*SUPPLIED MATERIAL*.
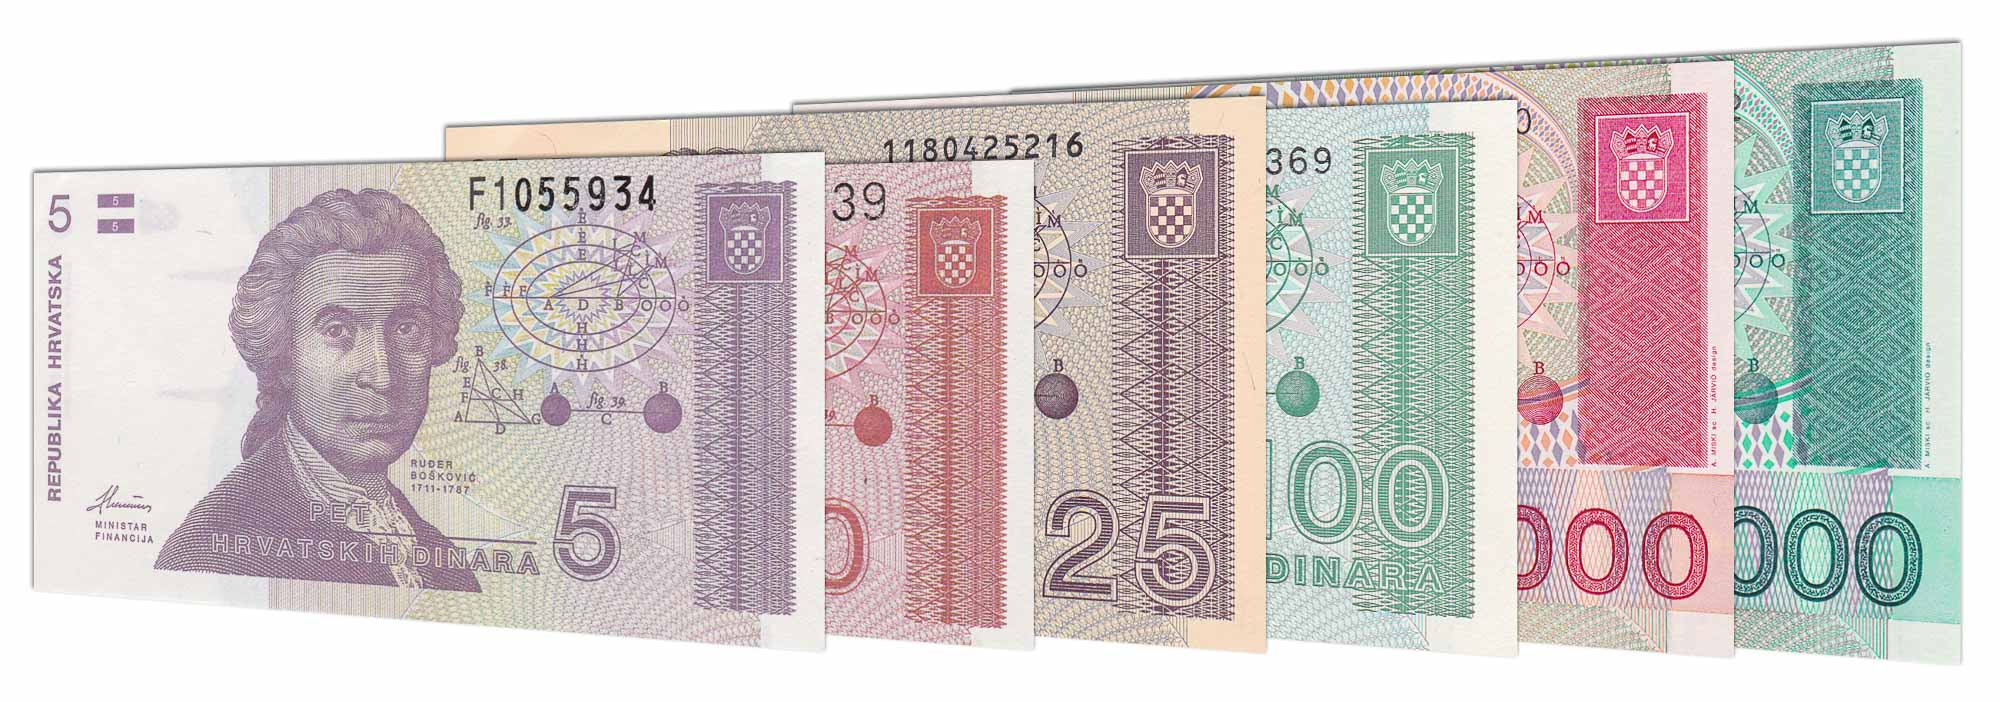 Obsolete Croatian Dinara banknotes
* * *
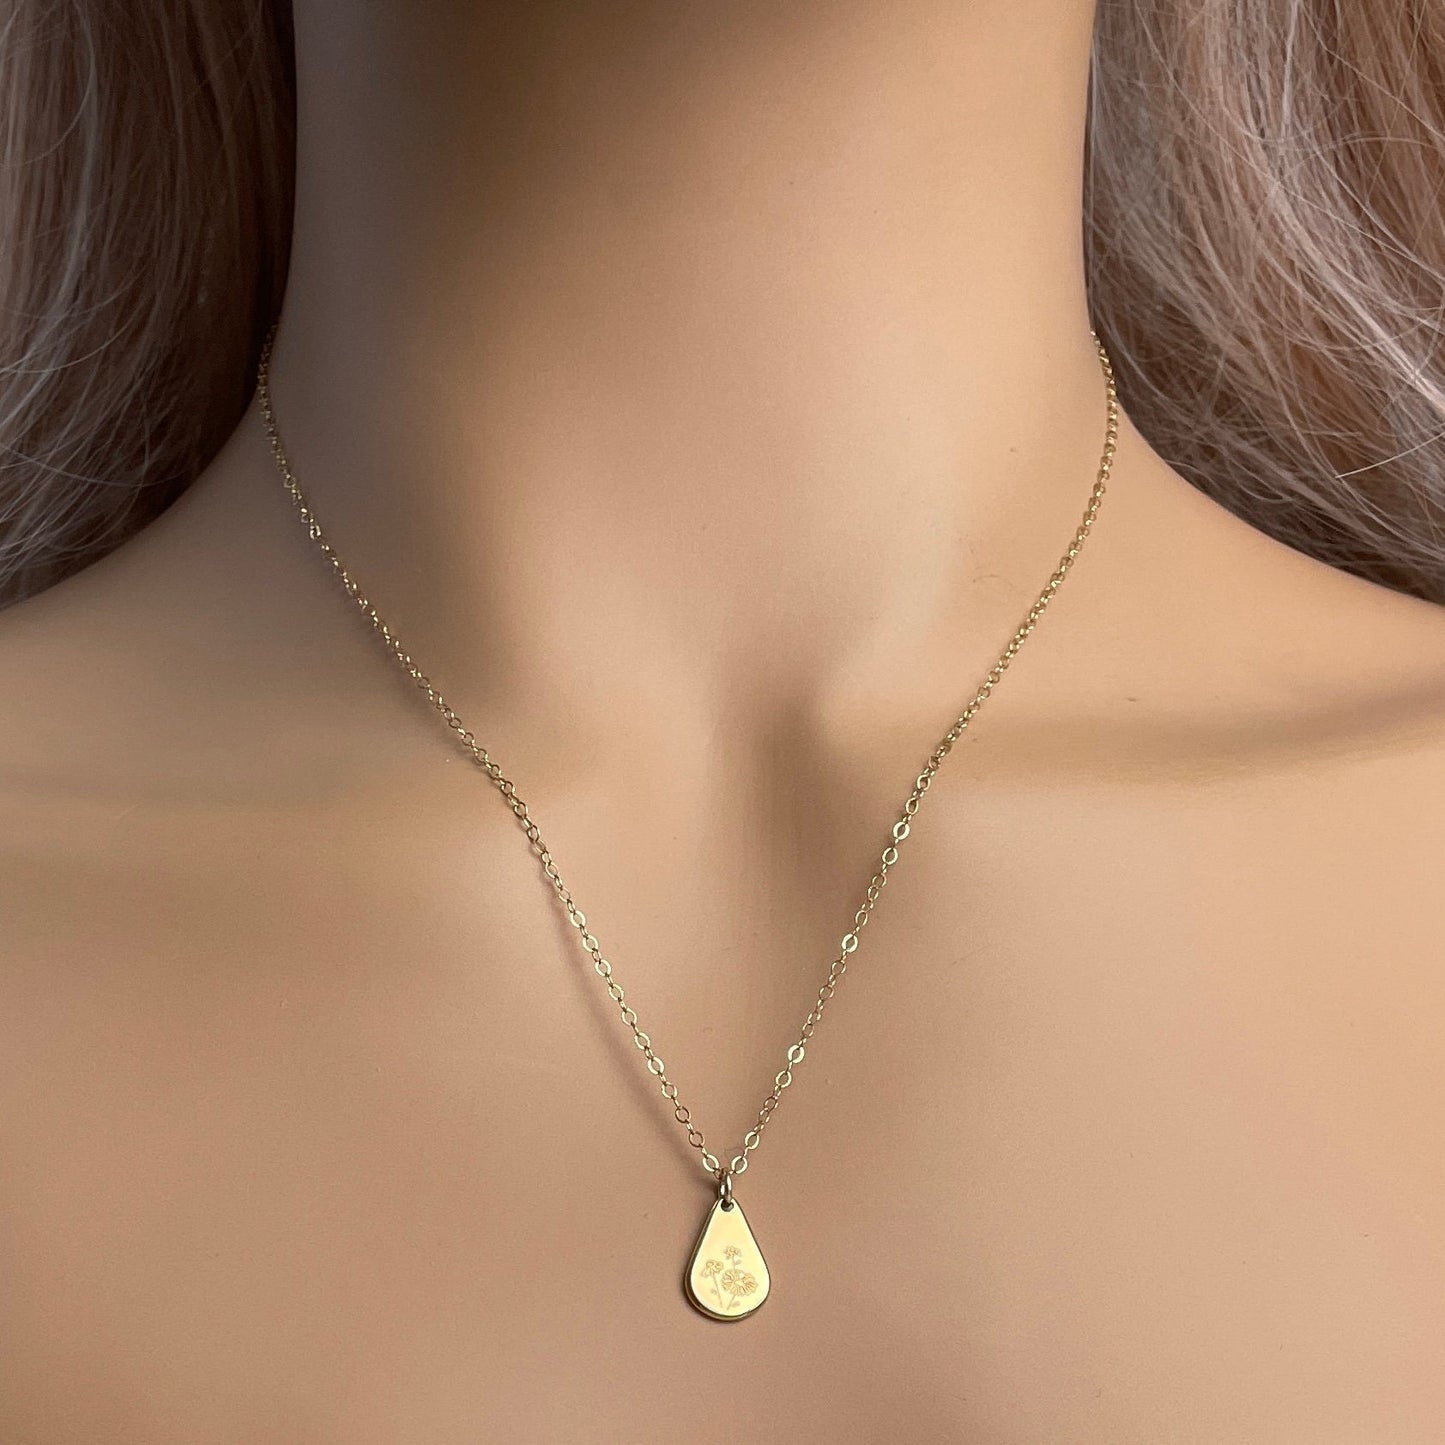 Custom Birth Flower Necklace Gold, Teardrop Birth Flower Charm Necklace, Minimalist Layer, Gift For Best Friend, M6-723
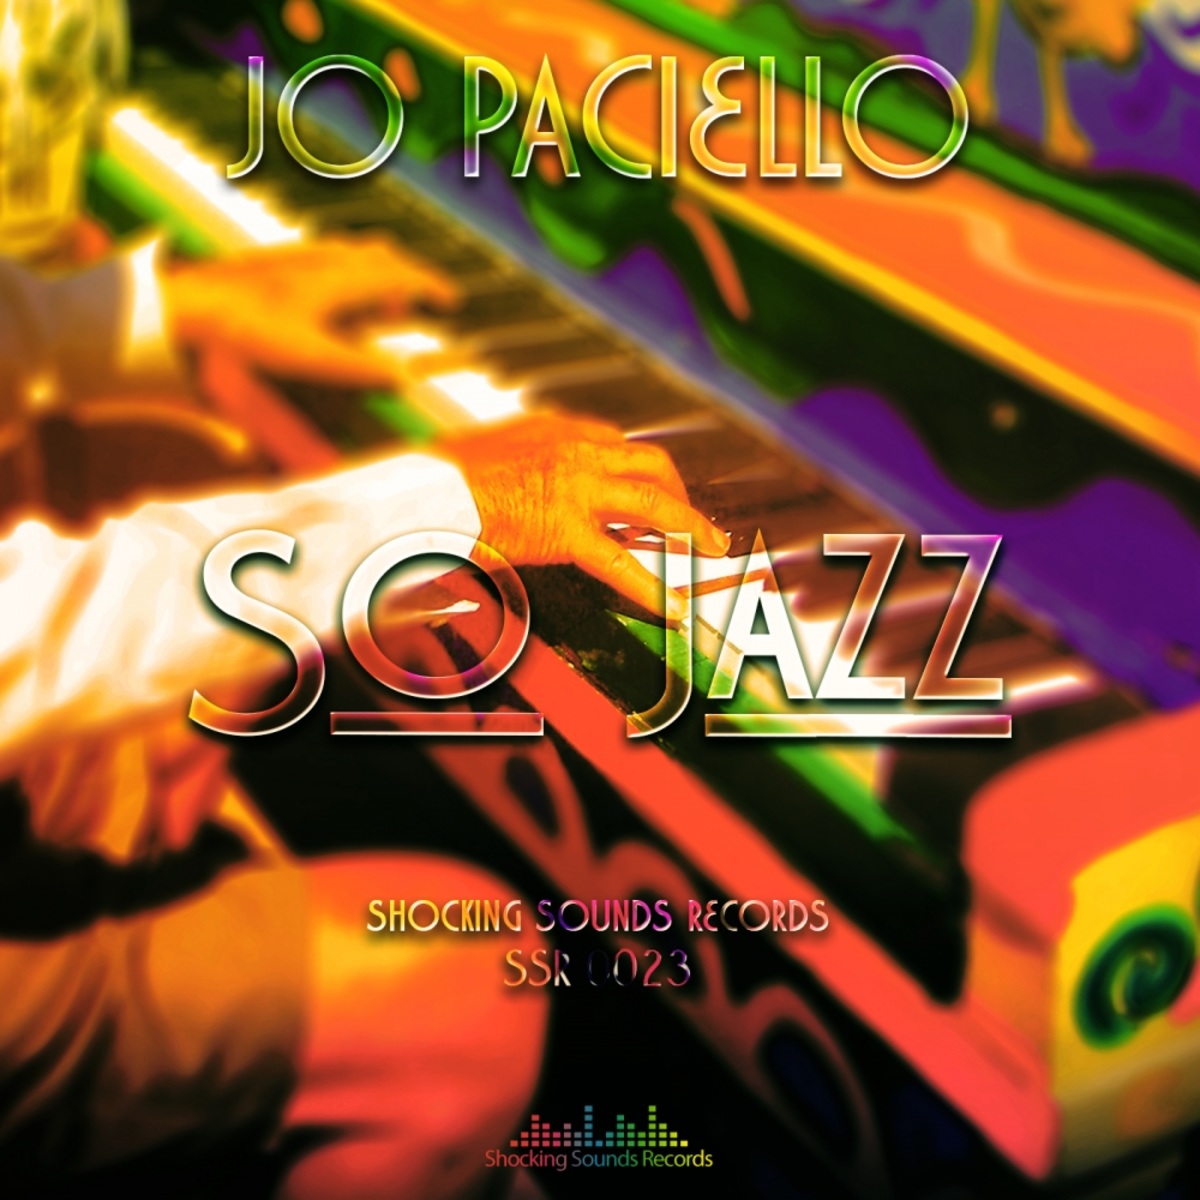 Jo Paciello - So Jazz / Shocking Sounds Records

*PROBLEM STATEMENT*. Nothing but the lines from the one containing "Custom Birth Flower" through the one containing "Jo Paciello - So" should appear, copied exactly from the material above and without pictures.

*RESPONSE AREA*.
 Custom Birth Flower Necklace Gold, Teardrop Birth Flower Charm Necklace, Minimalist Layer, Gift For Best Friend, M6-723
 Jo Paciello - So Jazz / Shocking Sounds Records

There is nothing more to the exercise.